Goal of the exercise - With the pictures omitted, transcribe each line below exactly as it is.

Dataset section -
◇ ◇ ◇ ◇ ◇ ◇ ◇

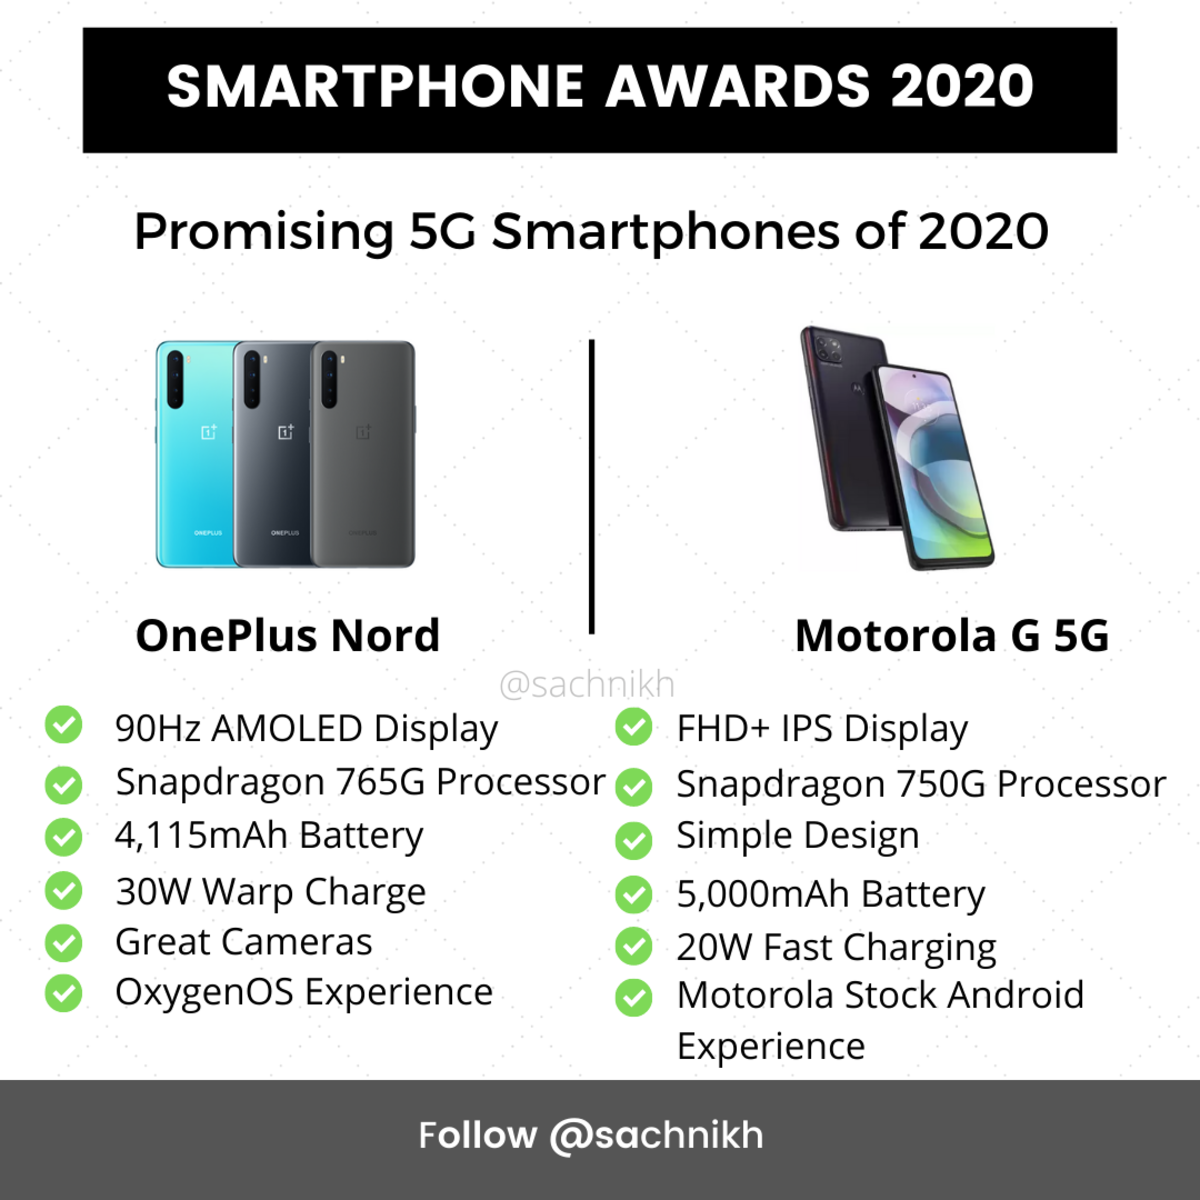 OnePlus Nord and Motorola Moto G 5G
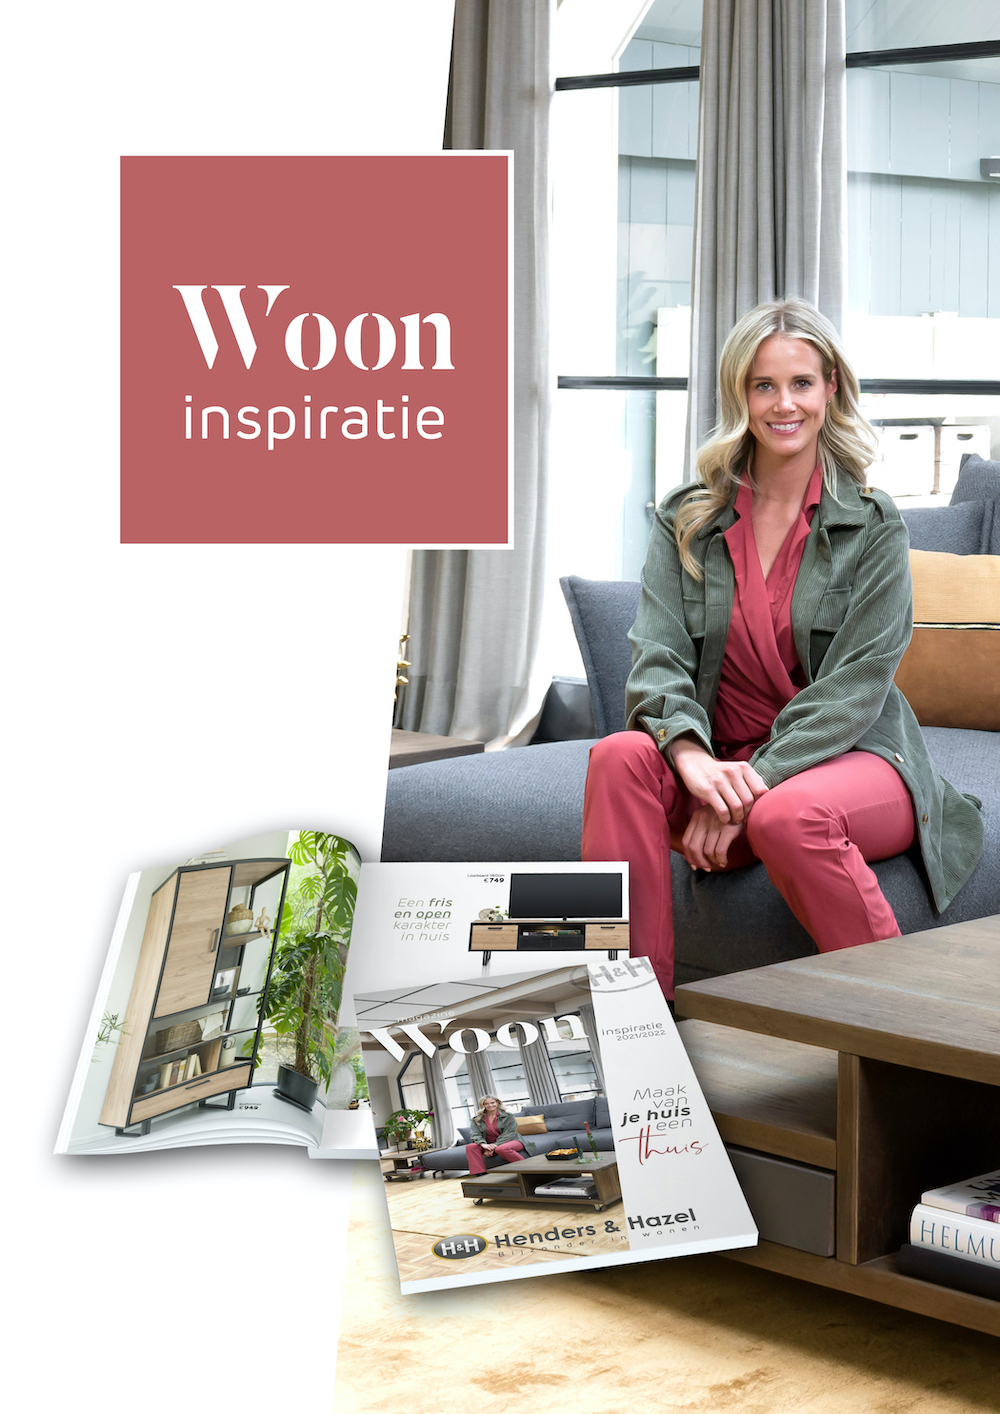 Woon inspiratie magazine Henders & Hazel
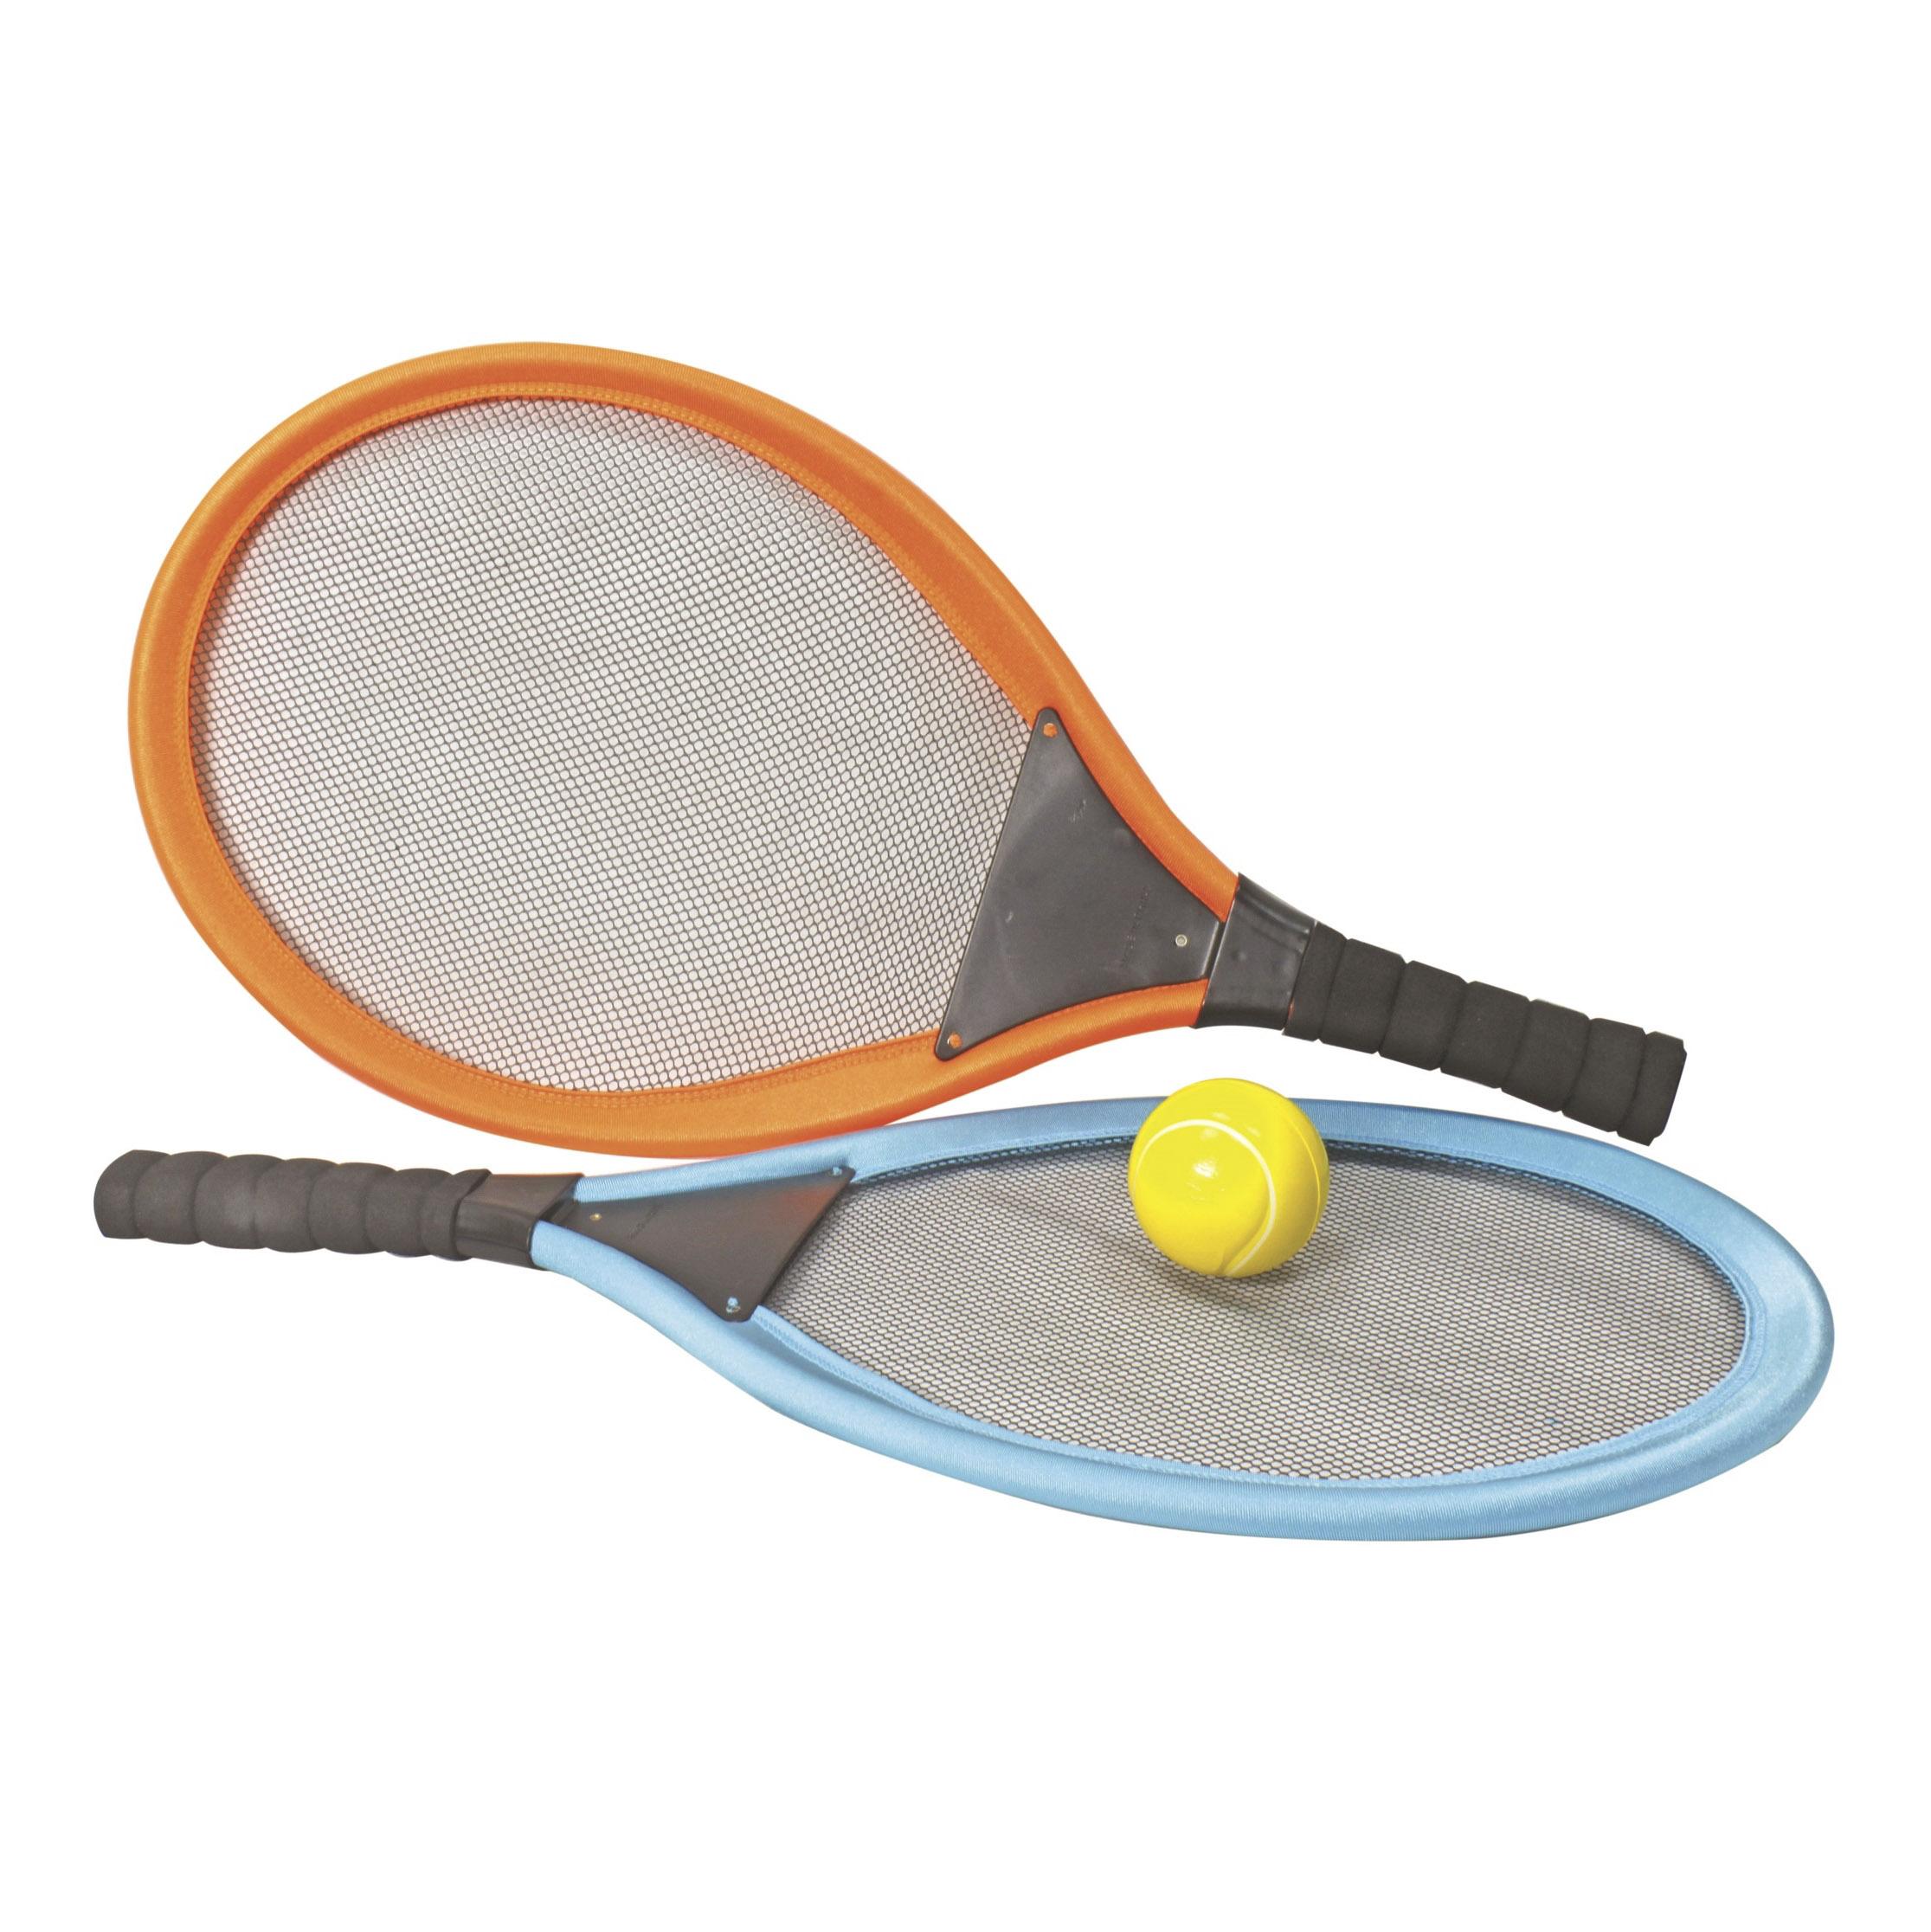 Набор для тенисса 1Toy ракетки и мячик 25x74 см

◇ ◇ ◇ ◇ ◇ ◇ ◇

Exercise solution -
 OnePlus Nord and Motorola Moto G 5G
 Woon inspiratie magazine Henders & Hazel
 Набор для тенисса 1Toy ракетки и мячик 25x74 см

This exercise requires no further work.